Advantageously, the actuator is hydraulically- or
pneumatically-actuated.
Embodiments of the invention will now be described with reference
to the accompanying drawings, in which:
FIG. 1 is a side view of a first power clamp according to the
invention, with part of the clamp housing removed;
FIG. 2 is a front view of the first clamp;
FIG. 3 is a top view of the first clamp;
FIG. 4 is a perspective view of the first clamp;
FIG. 5 is a perspective view of the first clamp, with part of the
link mechanism removed;
FIG. 6 is a schematic side view of a second power clamp according
to the invention, showing the clamp in a closed and locked
condition, and
FIGS. 7 to 12 are schematic side views of the second power clamp,
showing the clamp in a sequence of positions as it moves to an
unclamped and open condition.
The first power clamp 1 shown in FIGS. 1 to 5 includes a clamp body
2 having an elongate square section lower body portion 3 that
contains a pneumatic actuator. A circular bore 4 extends
longitudinally through the lower body portion 3, in which is
mounted a pneumatically actuated piston 5. Attached to the upper
end of the lower body portion by means of a flange 6 is a housing 8
that is formed in two halves, only one of which is shown in the
drawings so as to reveal the internal components of the
housing.
A cylindrical drive rod 10 that is connected at its lower end to
the piston 5 extends through the bore 4 and into the housing 8
through an aperture 12. The drive rod 10 is mounted for
reciprocating movement in the direction of its longitudinal axis,
under the control of the pneumatic actuator.

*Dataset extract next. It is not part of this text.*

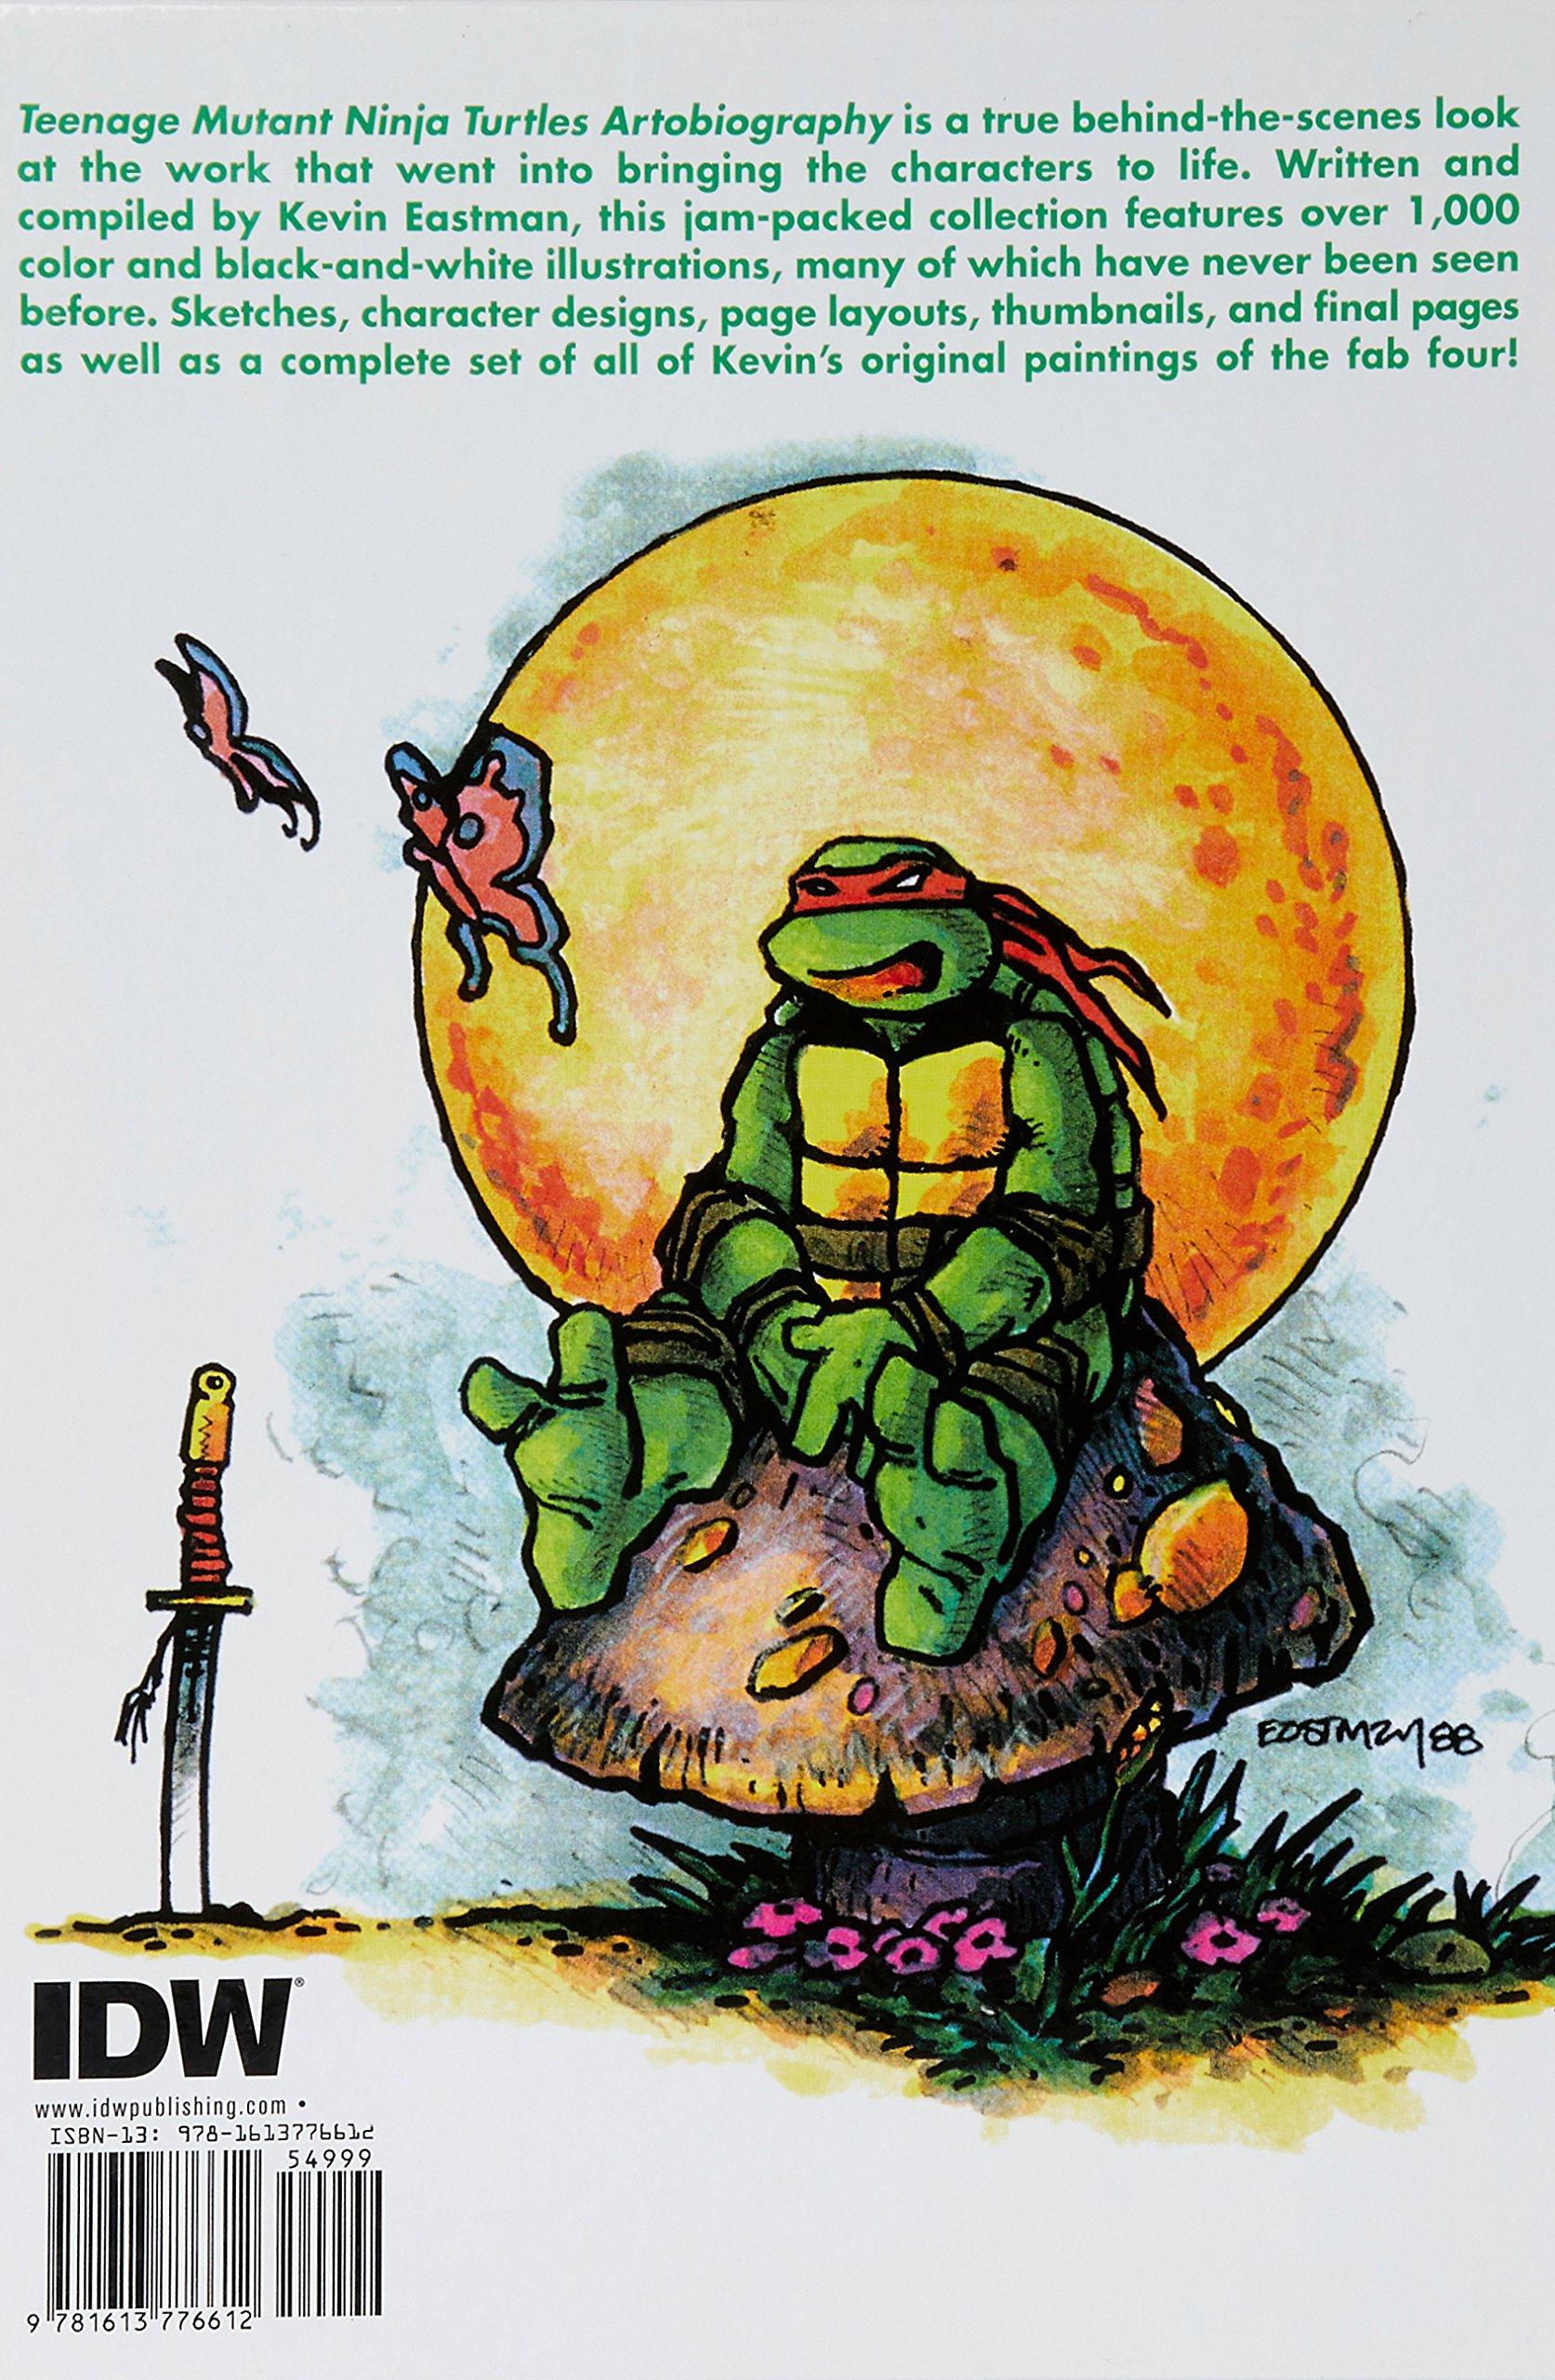 Teenage Mutant Ninja Turtles Artobiography: Amazon.es: Kevin ...

A clamping arm (or lever) 14, only part of which is shown, is
mounted on an arm axle 16 that extends through complementary
apertures 18 on each side of the housing 8. The arm 14 can rotate
clockwise on the axle 16 from the position shown in the drawings
(the clamping position) through an angle of approximately
120.degree. to an open position (not shown).

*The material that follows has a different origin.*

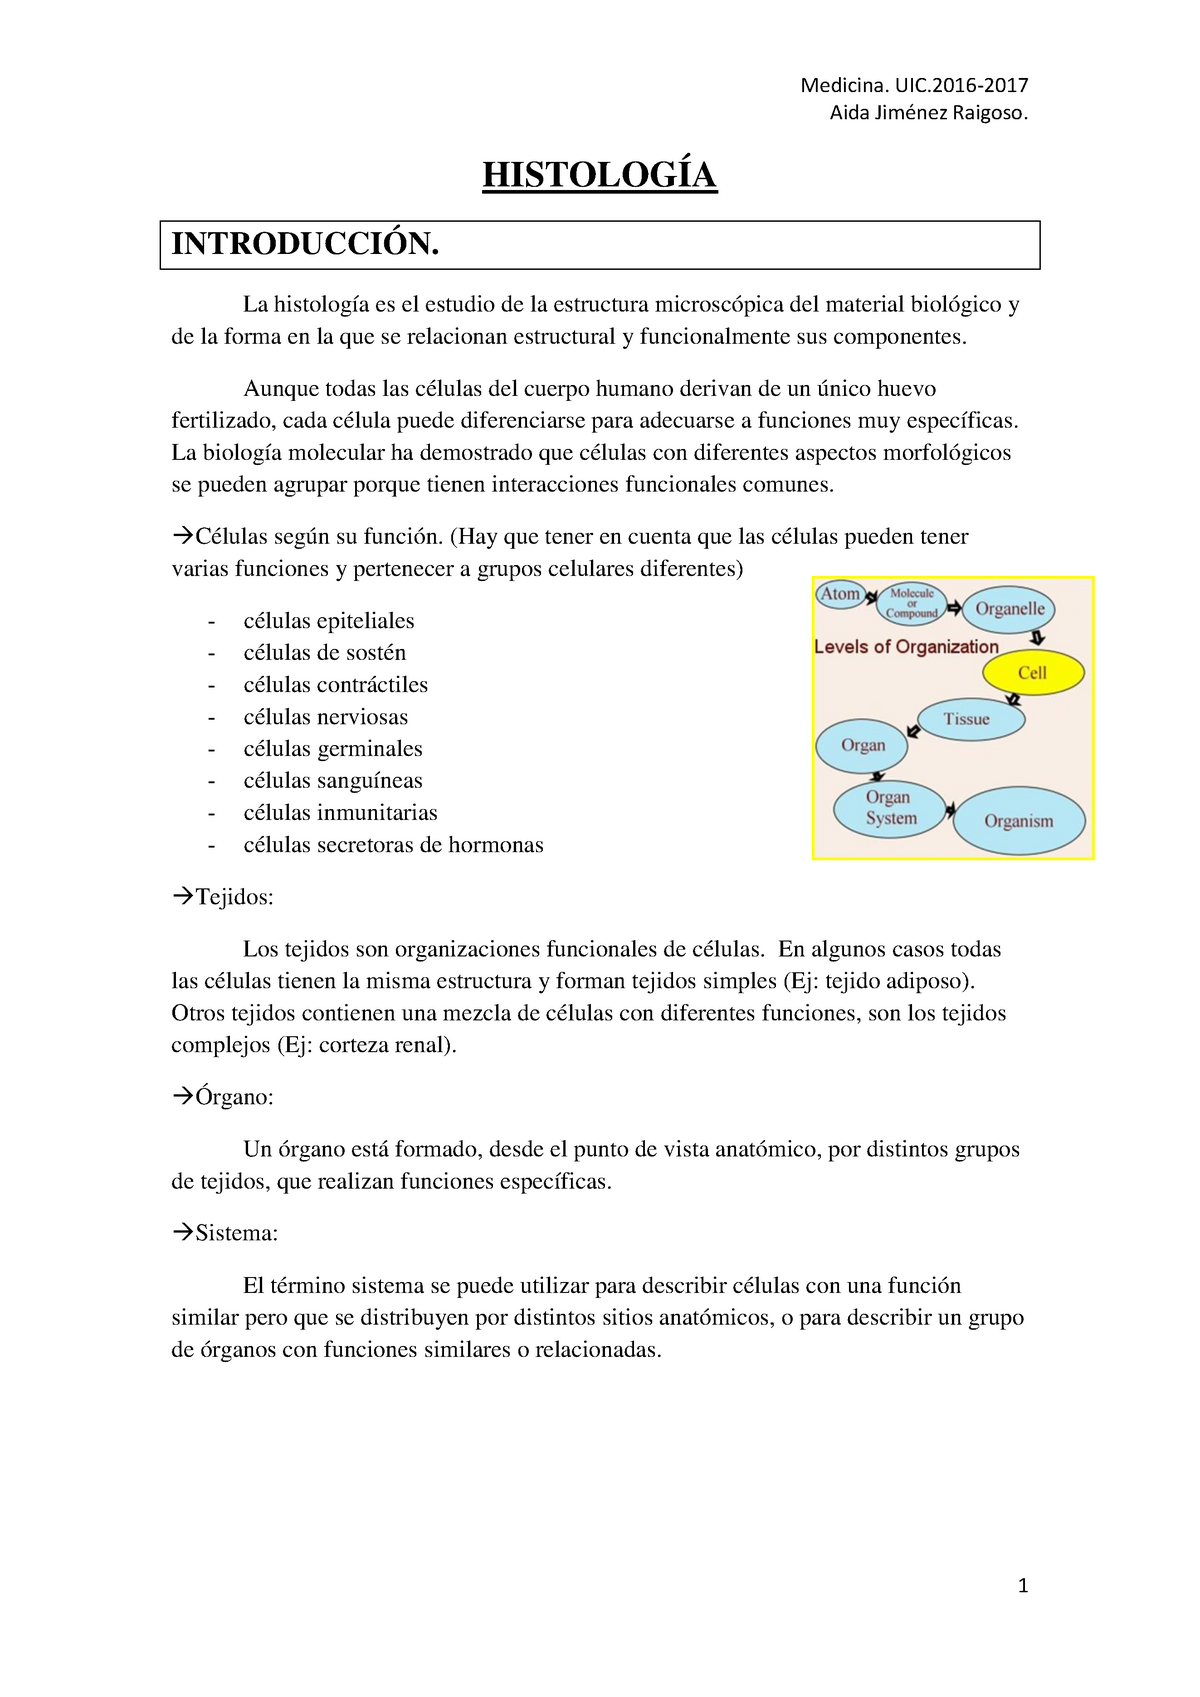 Histología Parte I Uic Barcelona Studocu

Mounted on the central part of the arm axle 16, within the housing
8, is a cam plate 20. The cam plate 20 and the arm 14 are both
permanently fixed to the arm axle 16 for rotation therewith
relative to the housing 8. The cam plate 20 has a profiled cam
surface 22 that faces towards the upper end of the drive rod
10.
Attached to the upper end of the drive rod 10 is a U-shaped bracket
24 that supports a short roller axle 26. Mounted on the central
part of the roller axle 26 is a cam roller 28 that, in use, engages
the profiled cam surface 22 of the cam plate 20. The two ends of
the roller axle 26, which extend outwards on each side of the
bracket 24, each support a guide roller 30 that engages the rear
wall 32 of the housing 8 to support the upper end of the drive rod
10 and hold the cam roller 28 in engagement with the profiled cam
surface 22.
A circular bore 34 extends transversely through the cam plate 20 at
a position that is radially displaced from the pivot axle 16.

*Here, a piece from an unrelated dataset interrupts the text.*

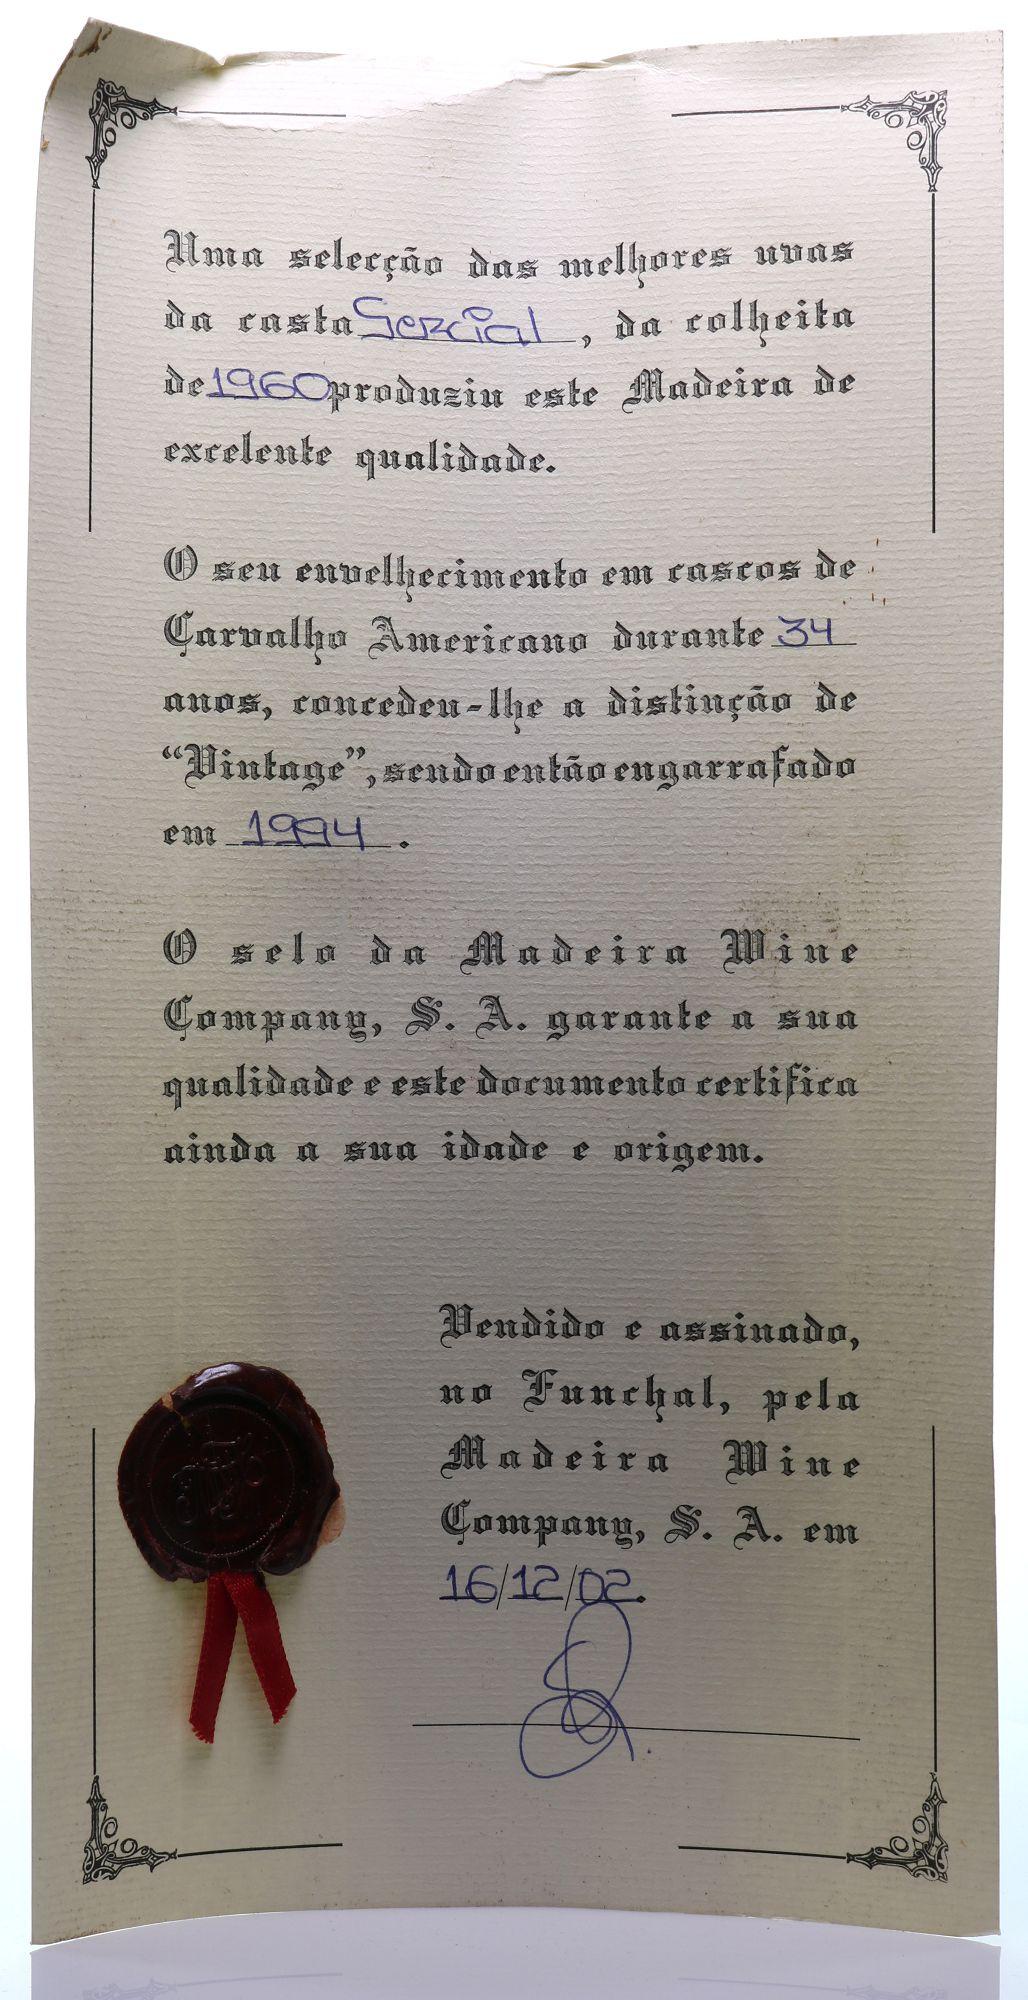 Madeira 1960 Cossart Sercial

Mounted in this bore is a short cylindrical shaft 36 that supports
at each end an eccentrically-mounted stub axle 38, which extends
beyond the side face 40 of the cam plate 20.
On each side of the cam plate 20 there is provided a pivot link 42,
a first end 44 of which is connected to the eccentric stub axle 38
and a second end 46 of which is rotatably secured around the roller
axle 26, mounted at the upper end of the drive rod 10. The
eccentric position of the stub axle 38 enables the shaft 36 to act
as a lost motion mechanism, providing a degree of free play in the
connection from the drive rod 10 to the cam plate 20 via the pivot
link 42.
In operation, the position of the clamping arm 14 is determined by
the longitudinal position of the drive rod 10. When the upper end
of the drive rod 10 is located towards the upper end of the housing
(as shown in the drawings), the arm will be in the closed or
clamped position. When the drive rod 10 moves downwards, the arm 14
will rotate clockwise with the arm axle 16 to an open position, by
virtue of the arm's connection to the drive rod 10 through the
pivot links 42. As the drive rod moves back upwards, the arm 14
will rotate anti-clockwise and will return from the open position
to the closed position. However, even after the arm 14 has returned
completely to the closed position, some further movement of the
drive rod will still be possible without causing further movement
the arm 14, owing to the provision of a lost motion mechanism in
the connection from the drive rod 10 to the arm 14 through the
pivot links 42.
The cam roller 28 engages the cam surface 22 of the cam plate 20
only when the drive rod 10 is located towards the upper end of the
housing 8 (as shown in the drawings), i.e. when the arm 14 is in a
closed position. When the drive rod 10 moves downwards causing the
arm 14 to rotate to the open position, the cam roller 28 moves out
of engagement with the cam 20, leaving a gap between the cam roller
and the cam surface 22.
When the cam roller 28 engages the cam surface 22 of the cam plate
20, it applies a clamping force to the cam, which is transmitted
through the arm axle 16 to the clamping arm 14. The magnitude of
this clamping force depends on the profile of the cam surface 22
and the position of the cam roller 28 relative to the cam 20, and
increases as the drive rod 10 is driven upwards. Therefore, as the
drive rod 10 is driven upwards from its lowest position, the arm 14
is first brought into the closed position through the action of the
pivot links 42 and a clamping force is then applied as the cam
roller 28 engages the cam 20.
The profile of the cam surface 22 is selected to provide the
desired clamping force characteristics. In the example shown in the
drawings, the profile has a positive gradient and produces a
clamping force that increases continuously to a maximum value as
the drive rod 10 is driven upwards.
Alternatively, the profile may include a first portion that has a
positive gradient and produces an increasing clamping force, and a
second portion of zero gradient that produces a constant clamping
force. This results in a clamping characteristic that is equivalent
to the "centred" position of a conventional power clamp, and allows
the clamp to remain locked without maintaining a force on to the
drive rod.
As another alternative, the profile may include a first portion
with a positive gradient that produces an increasing clamping
force, and a second portion with a slight negative gradient that
produces a decreasing clamping force. This will produce a clamping
characteristic that is equivalent to the "over-centre" position of
a conventional power clamp, which prevents the clamp becoming
unlocked (for example, due to vibrations) without applying a
significant downwards force to the drive rod. By making the
gradient of the second portion smaller than that of the first
portion, the clamp can be arranged such that the force required to
release the clamp is less than the applying force, thereby ensuring
that the clamp can be released even in the case that the pneumatic
actuator is unable to provide an equal force on both strokes.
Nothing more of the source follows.